8 июля корейский король издал указ, в котором отмечалось неудовлетворительное состояние общественного порядка в стране, ухудшение работы административного аппарата, бездарность и коррупция чиновников на местах и множество других недостатков. В указе подчеркивалось, что вина за плохое состояние государственного управления лежит на правительстве, которое не чувствовало ответственности за устранение недостатков. В заключение в нем говорилось о необходимости проведения реформ и предписывалось всему населению откровенно сообщать о любых положительных или отрицательных сторонах деятельности светской и духовной власти.
10 июля в шесть часов вечера Отори и Сугимура прибыли во дворец старейшин, где встретились с тремя корейскими сановниками: Син Чжон Хи, Ким Кан Чжином и Чо Чжин Сыном. Им был предложен окончательный вариант проекта реформ, который был составлен из двух документов: варианта Отори от 3 июля и варианта, одобренного правительством Японии (вариант Муцу). В общем виде документ состоял из пяти статей и двадцати семи пунктов, срок выполнения пунктов в зависимости от их важности устанавливался от десяти дней до трех лет.
По семи важнейшим пунктам решение нужно было принять в течение трех дней, а приступить к их выполнению — в течение десяти дней. Вот эти пункты:
1. Восстановить в правах Верховный государственный совет как высший орган государственного управления. Определить права и обязанности шести палат и ликвидировать вред, проистекающий от регентского управления.
2. Строго разграничить компетенцию королевского двора и правительства. Не допускать вмешательства двора в дела государственного управления.
3. Четко определить ответственность за проведение внешней политики. Назначить министра иностранных дел и строго придерживаться принципа единоначалия.
4. Ликвидировать традицию замещения должностей по принципу происхождения. Открыть доступ к государственной службе всем способным людям.
5. Категорически запретить продажу должностей.
6. Категорически запретить взяточничество среди чиновников.
7. Построить между Сеулом и главными портами страны железнодорожные линии. Создать почтово-телеграфную связь между важнейшими городами страны.
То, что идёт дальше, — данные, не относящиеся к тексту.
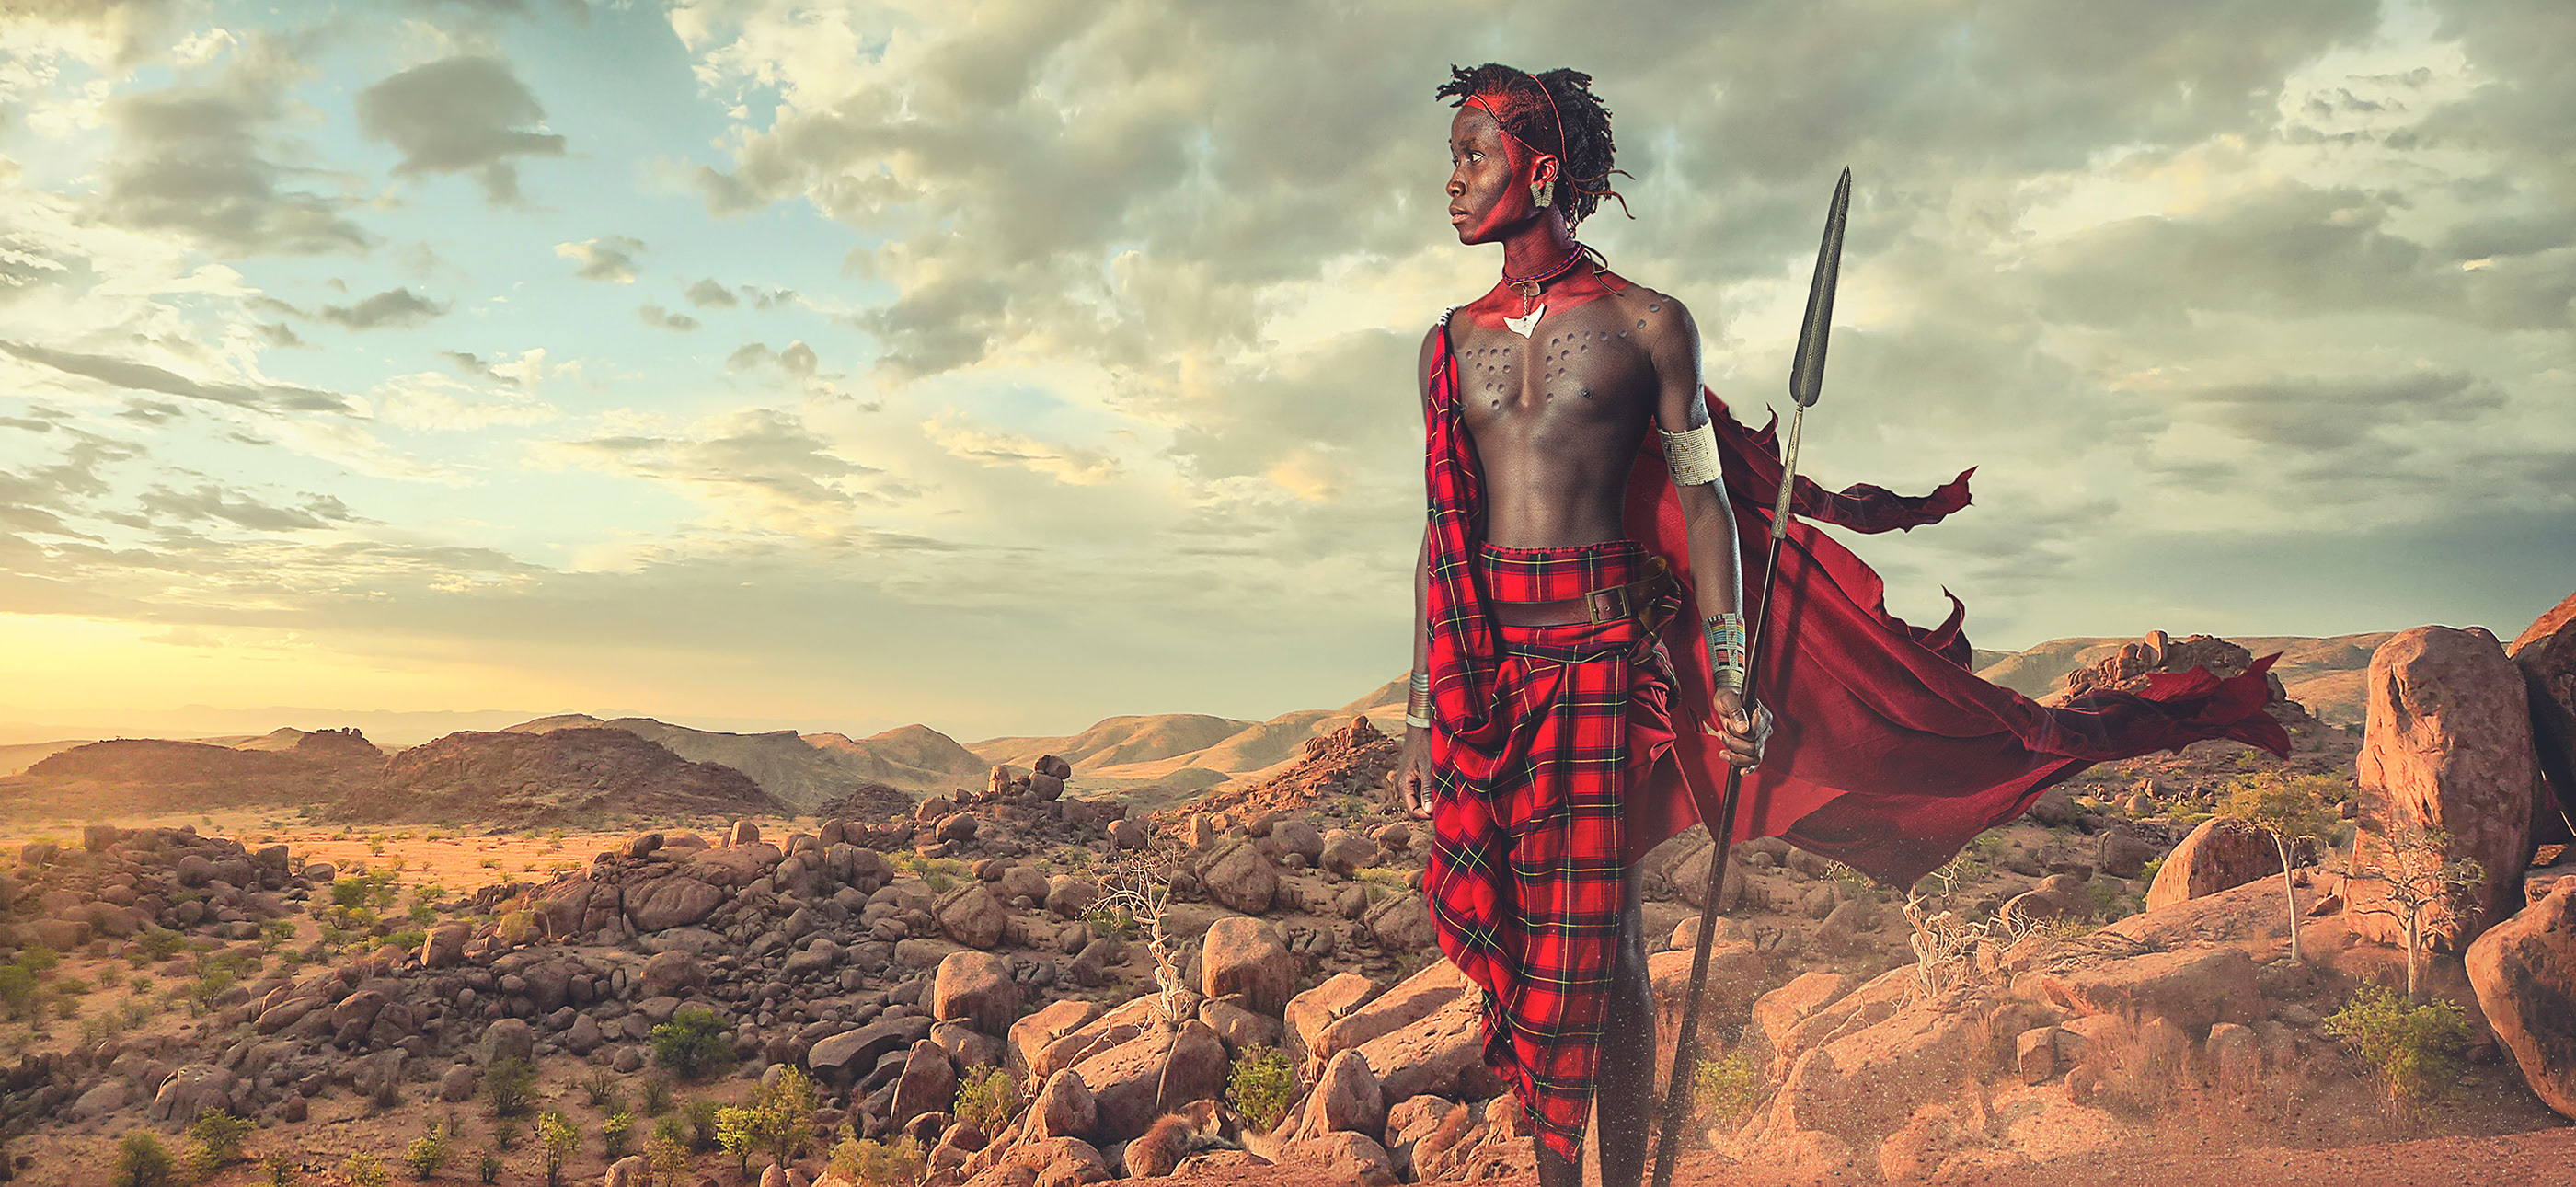 Lee Howell Photography tribe Maasai digital manipulation Lee Howell.

Жесткие сроки реформ, по сути, диктат японцев, корейскими чиновниками воспринимался как прямое вмешательство во внутренние дела страны — независимо от того, преследует ли это вмешательство благие цели или нет. Правительство резко выступило против предложений японского кабинета. Несмотря на то, что указом короля от 13 июля при спешно восстановленном Верховном государственном совете было создано Управление по проведению реформ, никакой реальной деятельности это управление не осуществляло, даже не собралось ни на одно заседание. На запрос Отори членам комиссии по реформам, который был дан все в том же Дворце старейшин 15 июля, был дан ответ: Корея считает реформы возможными и даже полезными, но проводить их под сенью японских штыков не намерена. Все дальнейшие переговоры на этот счет возможны только в том случае, если японские войска будут выведены из Кореи.
На этом работа японо-корейской смешанной комиссии окончательно приостановилась. Планы Муцу относительно реформирования внутреннего устройства потерпели провал. Оставался только один реальный путь развития ситуации — именно тот, на котором настаивал Отори: переговоры по выходу Кореи из вассальной зависимости с Китаем.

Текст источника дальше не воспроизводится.